У Васи все хорошо, и, кажется, дело идет на поправку. Он выходит на улицу. Спускают и поднимают его на лифте, а ходит один без поддержки. Я застала его сидящим на скамейке на улице. Настроение у него получше, хотя говорит, что ничто его не радует - ни весна, ни зелень, которую он так хотел увидеть..."
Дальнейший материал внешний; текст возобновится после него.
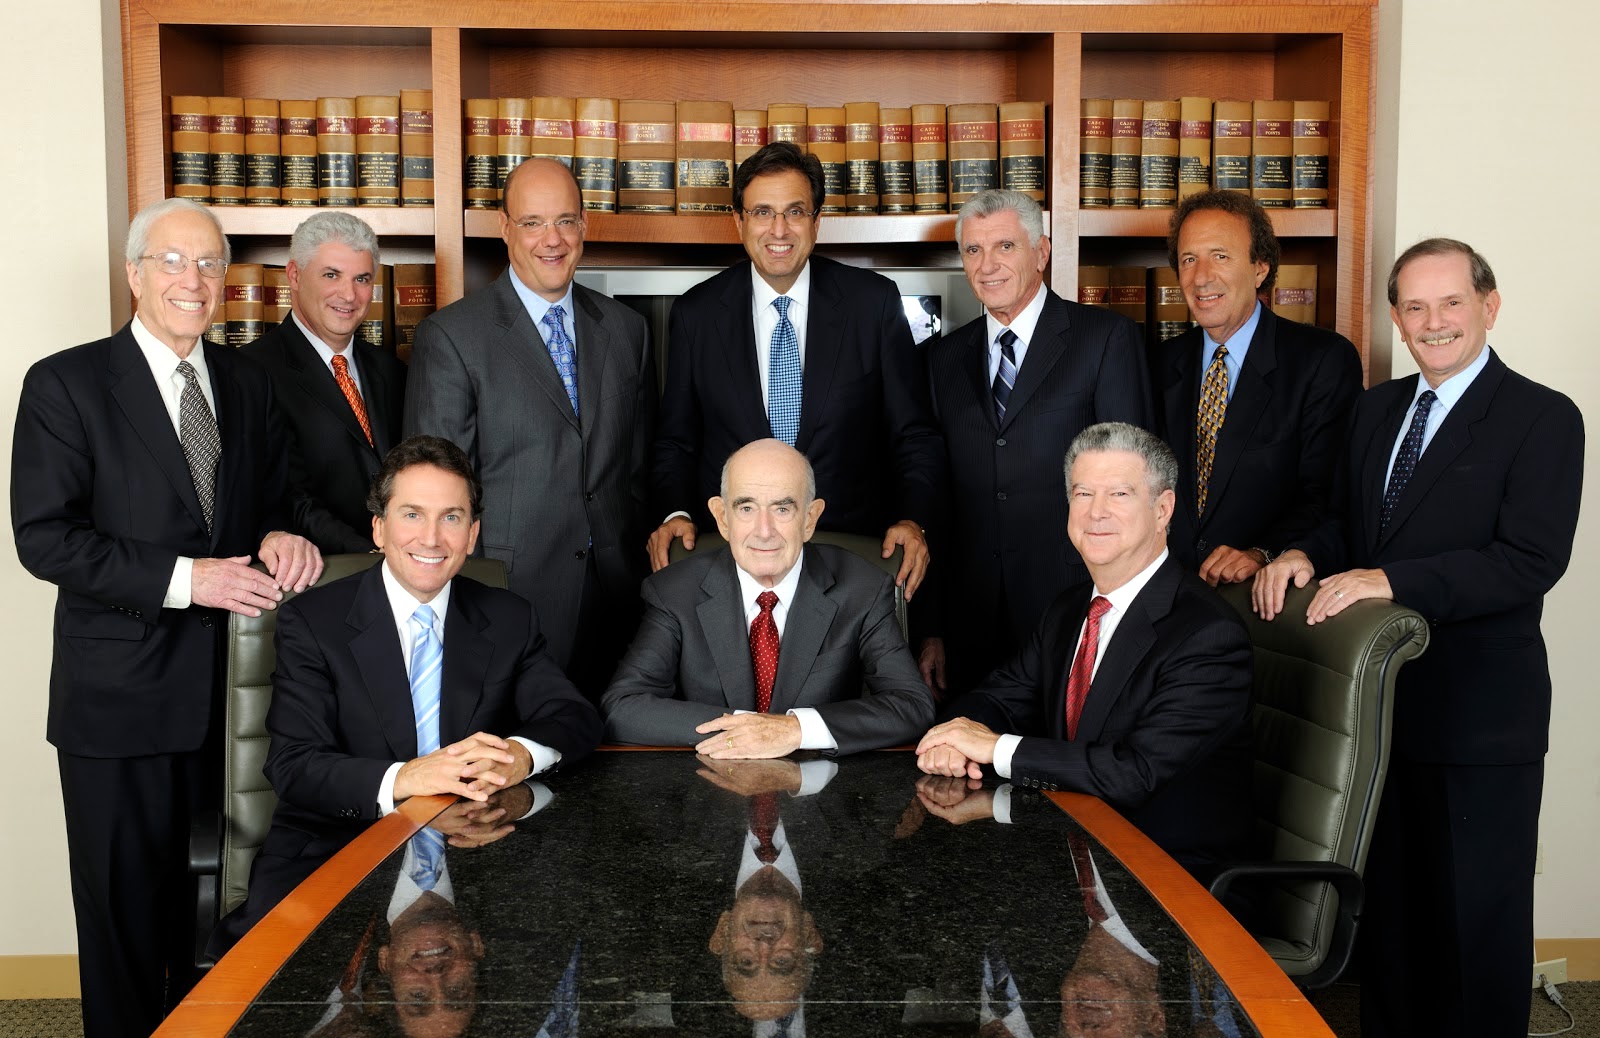 Photo of Gair, Gair, Conason, Rubinowitz, Bloom, Hershenhorn, Steigman & Mackauf in New York City, New York, United States - 1 Picture of Point of interest, Establishment, Lawyer
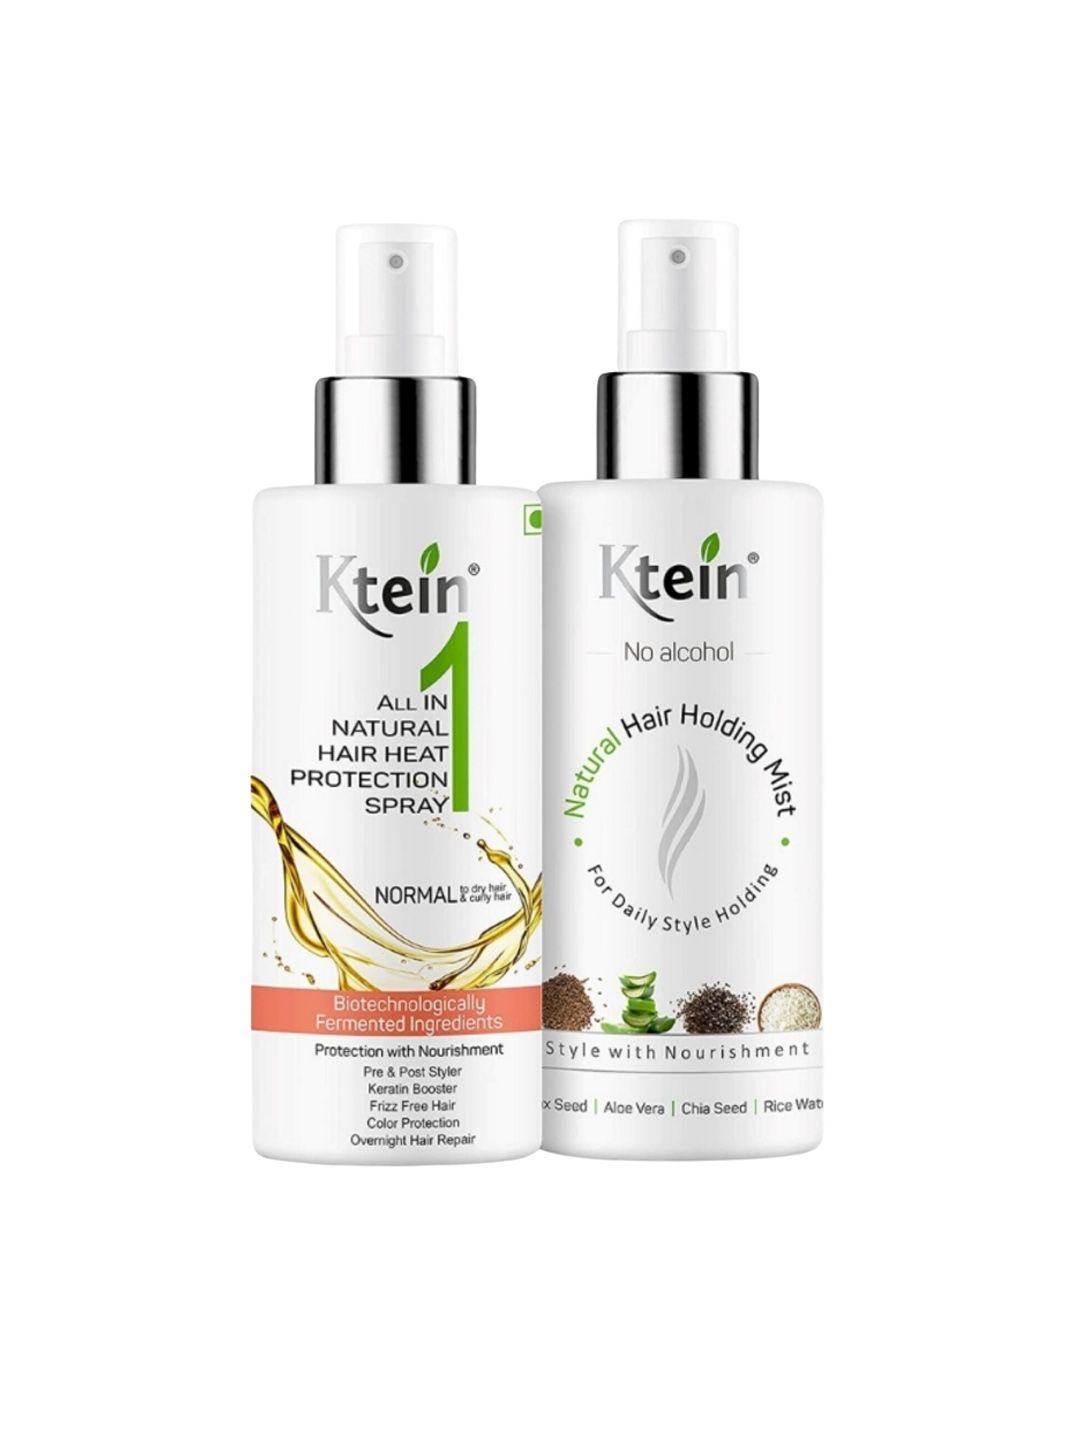 ktein natural all in 1 heat protection spray & ktein hair holding spray 200ml

После выписки из больницы Гроссман заметно окреп. К нему вернулся хороший цвет лица. Можно было бы радоваться, если бы не знать о грозящей ему опасности. Мы каждый день гуляли вдвоем недалеко от дома, иногда по влечению, свойственному обоим, садились в трамвай и проделывали весь маршрут его длинный от начала до конца, наблюдая меняющихся пассажиров. Если против него сидели дети на руках у матерей, Гроссман строил им рожицы, и дети смеялись. А иногда мы в такси отправлялись к речному вокзалу, сидели в парке, любовались рекой, пароходами. Со слезами в голосе он мне рассказывал, что молодой писатель Овидий Горчаков пришел к Гудынскому, предлагал для Гроссмана свою почку.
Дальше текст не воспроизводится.